Статная баба Ольга, белая, глазищами вокруг себя водит медленно и вроде все-то понимает, а еще на нее поглядеть — будто она морозом за душу прихваченная: не вскрикнет, не поторопится, против Клашки так и неживая вовсе.

И почто она за шелудивого мужичонку пошла, за Ударцева Лександру? И как он бросил такую и ребятишек, будто щенят, чужому подкинул?

Какая же это жизнь была в том дому ударцевском, который под яр спихнули?

Все думы да вопросы. А надо было бы подойник окончательно довести до дела. Невеликая работа, а начатая, бросить ее нельзя. И после завтрака сразу Степан направился в мастерскую, но тут мимо двора прошел улицей Нечай Хромой и крикнул через прясло:

— По сено, Степа, нонче наряжают колхозничков. Давай, Степа, по сено…

— Постой, Нечай! — крикнул вслед ему Степан.— В избу забегу, велю бабе краюшку какую завернуть и подадимся вместе! Постой!

Нечай, покуда мимо прясла ковылял, цельный доклад сказал:

— А за постой, Степа, только вон сторожу в сельпе платют, да солдатам ихняя пайка идет, покуда они столбами стоят. Коли хошь — беги со мной, поделимся напополам моим куском.

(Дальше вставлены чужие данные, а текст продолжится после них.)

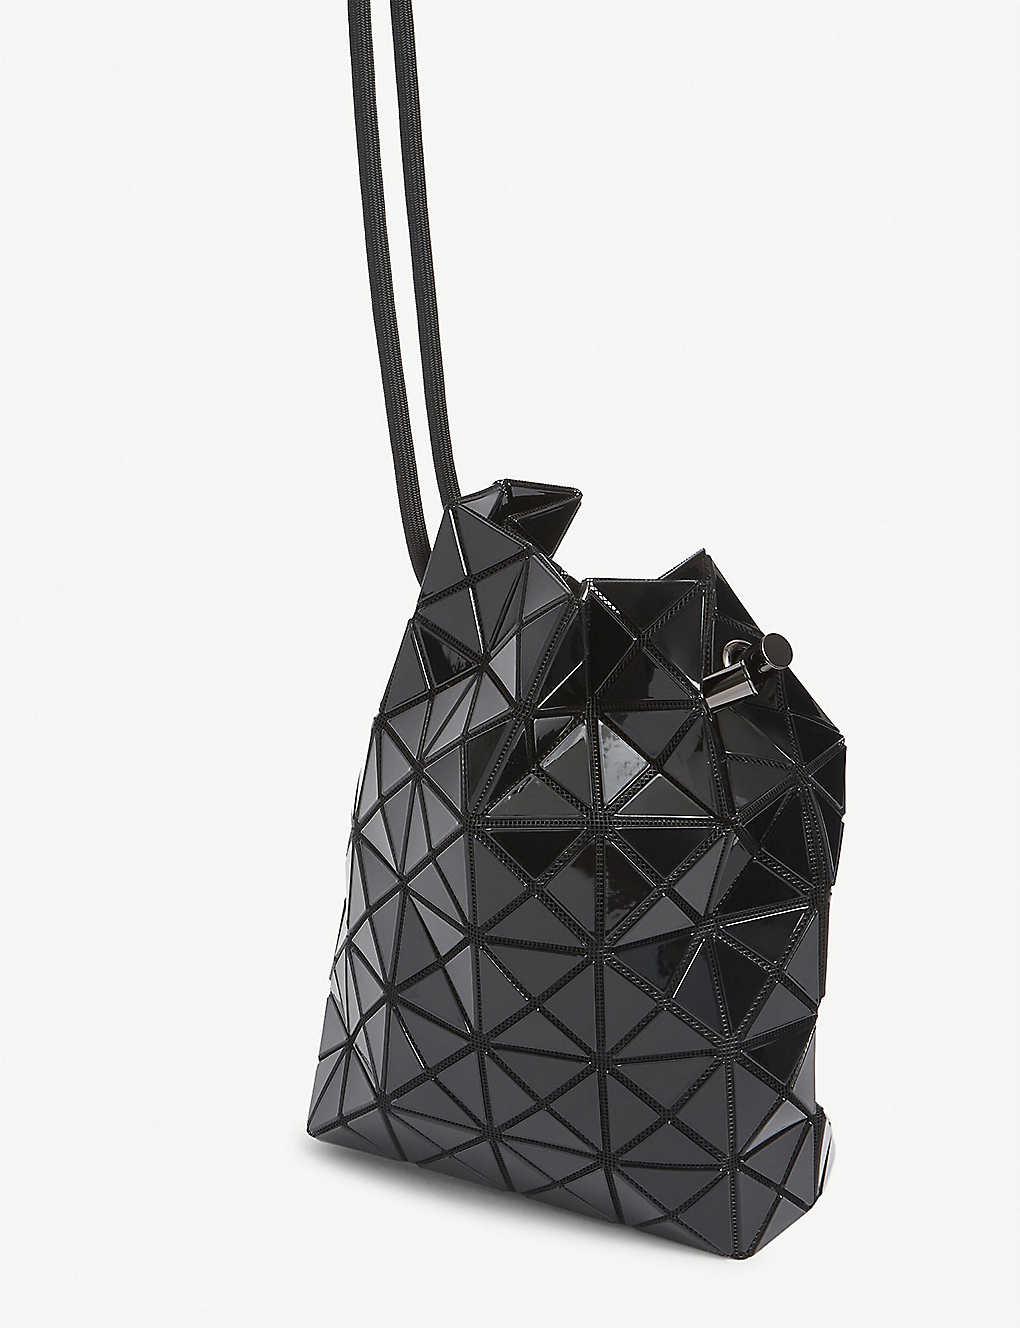 Bao Bao Issey Miyake Synthetic Wring Gloss Bucket Bag in Black - Lyst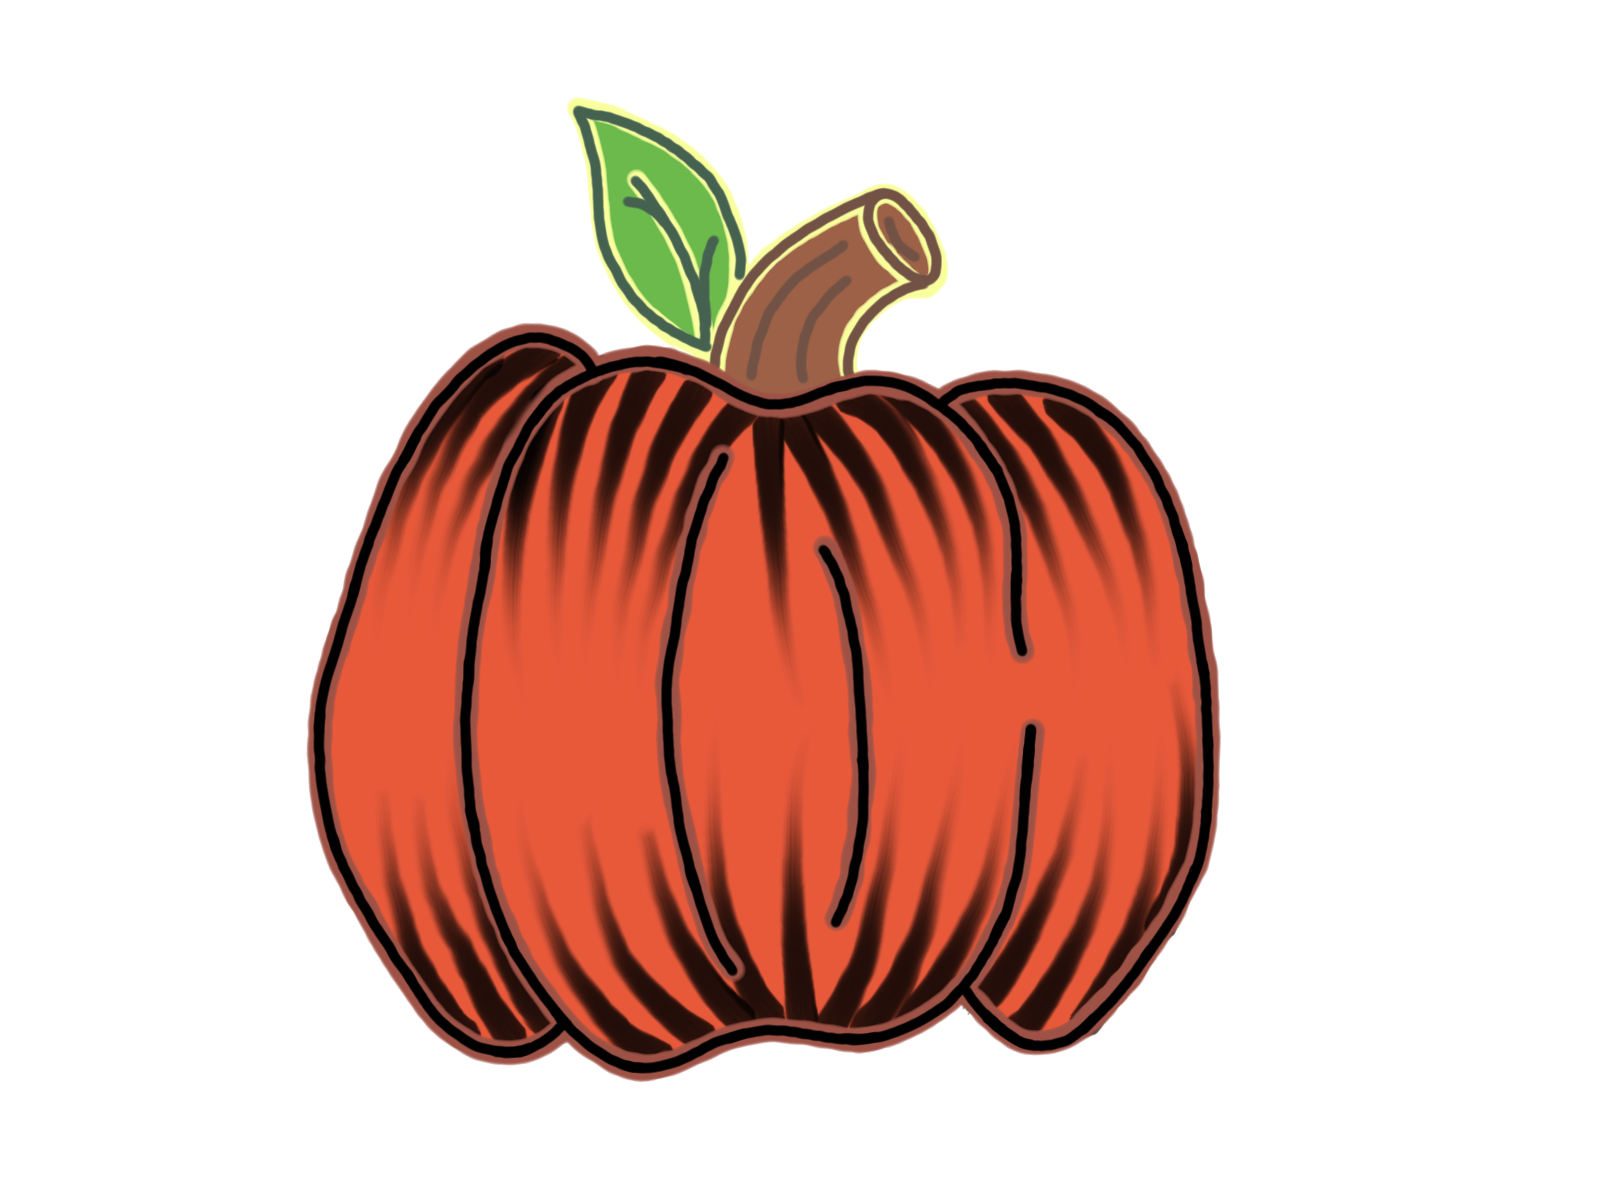 Pumpkin clipart apple, Pumpkin apple Transparent FREE for download on ...

Степан в сенки забежал, сорвал с гвоздя тулуп, веревку взял подпоясаться, крикнул Клашке, чтоб не ждала скоро, а еще вилы-тройчатки захватил. Догнал Нечая, сказал, запыхавшись:

— Допрежь — как человек: коня запрягешь, бывало, после в сани бросишь, что надо, понужнул и поехал. А нонче все наоборот — сперва на двор колхозный со всем припасом беги, после запрягать. До того чудно — в ум не возьмешь!

И верно, шибко неловко было идти: в тулупе не побежишь, он за спину через плечо закинутый и с плеча падает, ты его рукой обратно да обратно, другая рука — вилы тащит, а еще по тебе веревка болтается, вроде на кобелишке каком худом. Хозяин с кобелишки шкуру наладился обдирать, а тот едва живой вырвался и с веревкой на шее по деревне тягу дает. Понять нельзя, кто ты есть — мужик ли, или погорелец какой, или еще сказать, беженец окончательный с самой России прибежал? А ведь привыкать этак-то надо — на колхозный двор со всей своей сбруей и с припасом каждое утро пороть…

Из которых окошек бабы выглядывают либо с коромыслами по улице идут — глаза в сторону воротят, будто не замечают тебя. Правда что срамота! Но и то сказать, мужики-то при чем? Сами, что ли, выдумали этак вот по деревне в сбруе бегать?

Нечай молчал, и Степан его спросил:

— Обратно на колхоз будешь лаяться? — Очень ему хотелось, чтобы Нечай слово какое покрепче высказал.

А Нечай дух перевел и ответил:

— А на его хочь весь излайся, на колхоз,— все одно тебе в ём жить и кусок с его зарабливать. Вот как.

— Это тебя кто же научил? Нешто Фофан?

— А тебя кто? Нешто Ю-рист?

— Меня — никто.

— То-то ты со мной на пару хлещешь, вроде настеганный.

Еще пробежали сколько, Нечай снова сказал:

— Вчерашний цельный день слушал, как ты все по железу-то звяк да звяк. Чего ладишь?

— Бабе подойник. А что, скажи, тебе-то?

— Как это что? Лед-то вот-вот тронется, а сено-то за рекой! А ты все бряк да бряк — и заботы тебе другой нету.

— На то есть Фофан, чтобы нарядить за сеном…

— Ну, ежели мужик Степа Чаузов без наряда не смекнет, что нонче делать надобно, тогда, правда что, весь крутолучинский колхоз седни же в могилу закопать и в самый раз получится!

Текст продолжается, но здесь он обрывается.